My mother used to drive home from the hospital she worked at high as balls from the morphine she had stolen and then crawl into my bed and pass out. I used to scream at my dad to come get her out of my room so I could finish my homework and go to sleep for school the next day. It’s a miracle the woman didn’t kill anyone on her drives home.
It was in my after-school activity center and we were all out for a walk with the teachers and I remember witnessing a lady laying face down in front of an apartment building's entrance and a broken window above. There was a lot of blood. The adult just kept on pushing us to walk by her. I remember questioning it and asking to help her. I think maybe they didn't want us to look at the scene too much.
When I was in 3rd grade (mid '90s) my class took a field trip to an NYC Supreme Court house and sat in on the life-sentencing of a non-violent marijuana dealer.

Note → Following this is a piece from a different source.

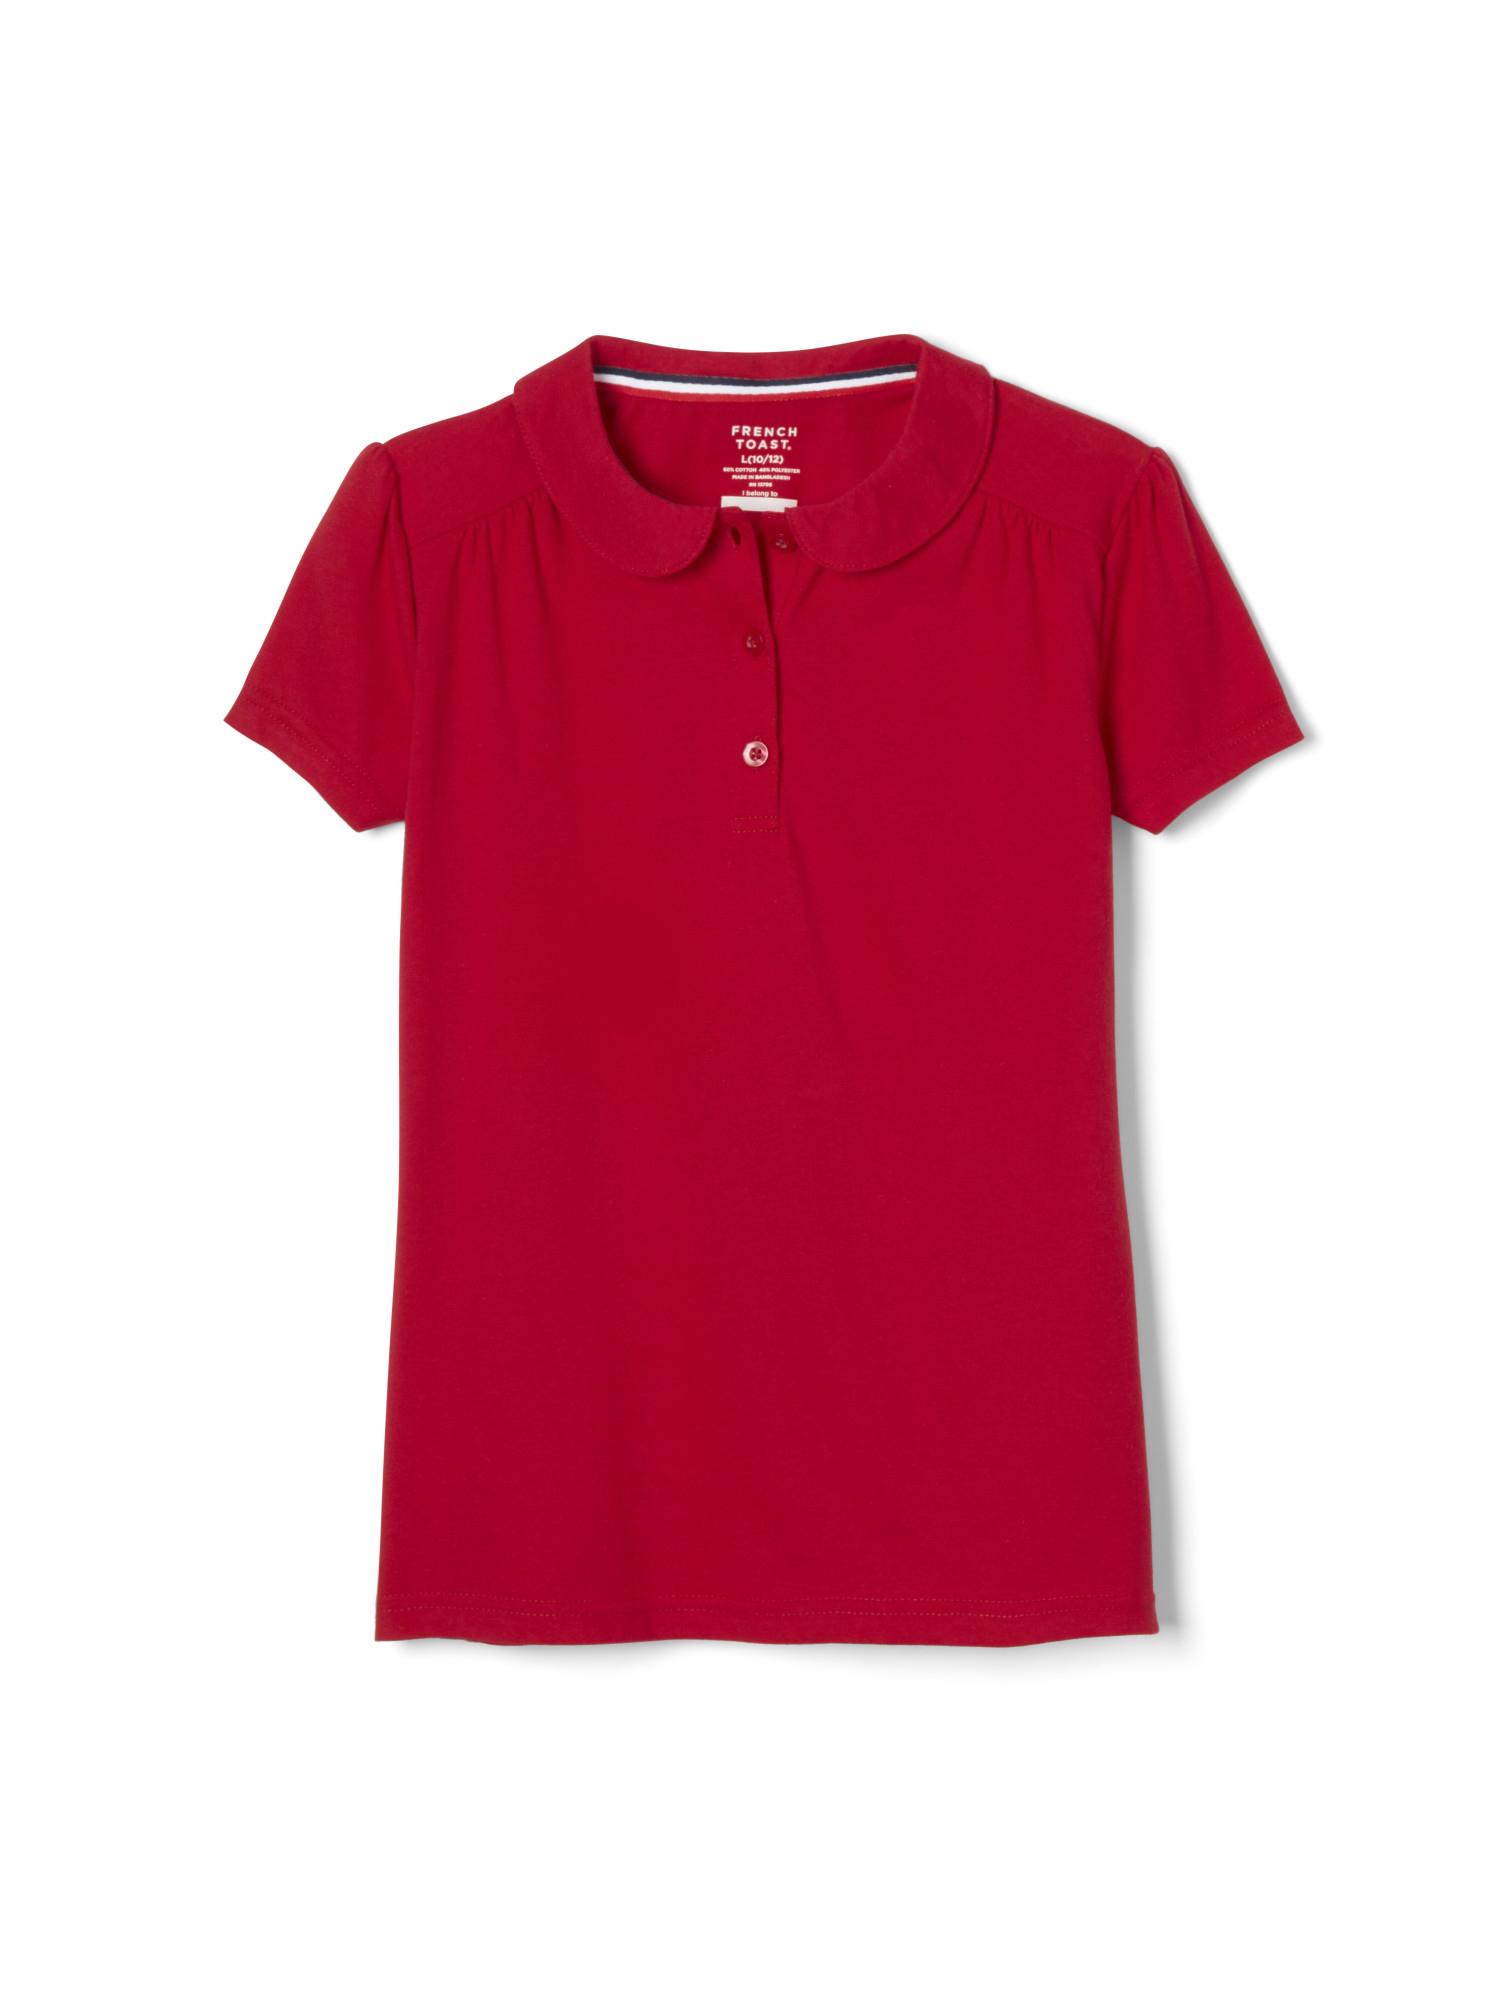 Uneek Kids Polo Shirt Childrens School Top PE Tee T Boys Girls Classic Poloshirt

Years later it feels more exploitive then it feels educational. We were tourists to one of the worst moments in a person's life.
When I was 8, I took care of my father in-home who was dying of AIDS. Mom wasn’t in the picture. None of the adult family wanted to be near him and help out because they all said it was contagious (this was the '90s and HIV ignorance was still at an all-time high.) I changed his diapers, showered him, fed him, gave him his pills. Until he died. As a kid, that was my “normal.” I didn’t realize it at the time, but it really fucked me up. He was my hero and the strongest man alive to me, and seeing him in such a vulnerable state and reduced to nothing really messed up my brain. It just kinda numbed me. Literally did not/could not cry for 12 whole years after that. I still struggle nowadays to “feel what I’m supposed to feel” in certain situations, but I’ve gotten a lot better and am definitely more in touch with my emotions.
My mom's cousin was raised by my grandparents and I would stay there often. I was 7/8. Back in the day I think it was HBO or something would show adult movies after a certain time at night. He would only let me watch TV at night if it was on that channel in his room and then after I was done watching the movie the adult movie would start playing. He wouldn’t be in the room but he would check to make sure I didn’t change the channel. I would get weirded out and just turn the tv off. It was so weird bc he wouldn’t say anything but insist I could only watch that channel at night. It also had to be loud enough that he could hear it outside the room.
He would also leave his adult magazines open and laying around in his room when I would sleep over and then ask me to get him stuff in his room that were right by the magazines.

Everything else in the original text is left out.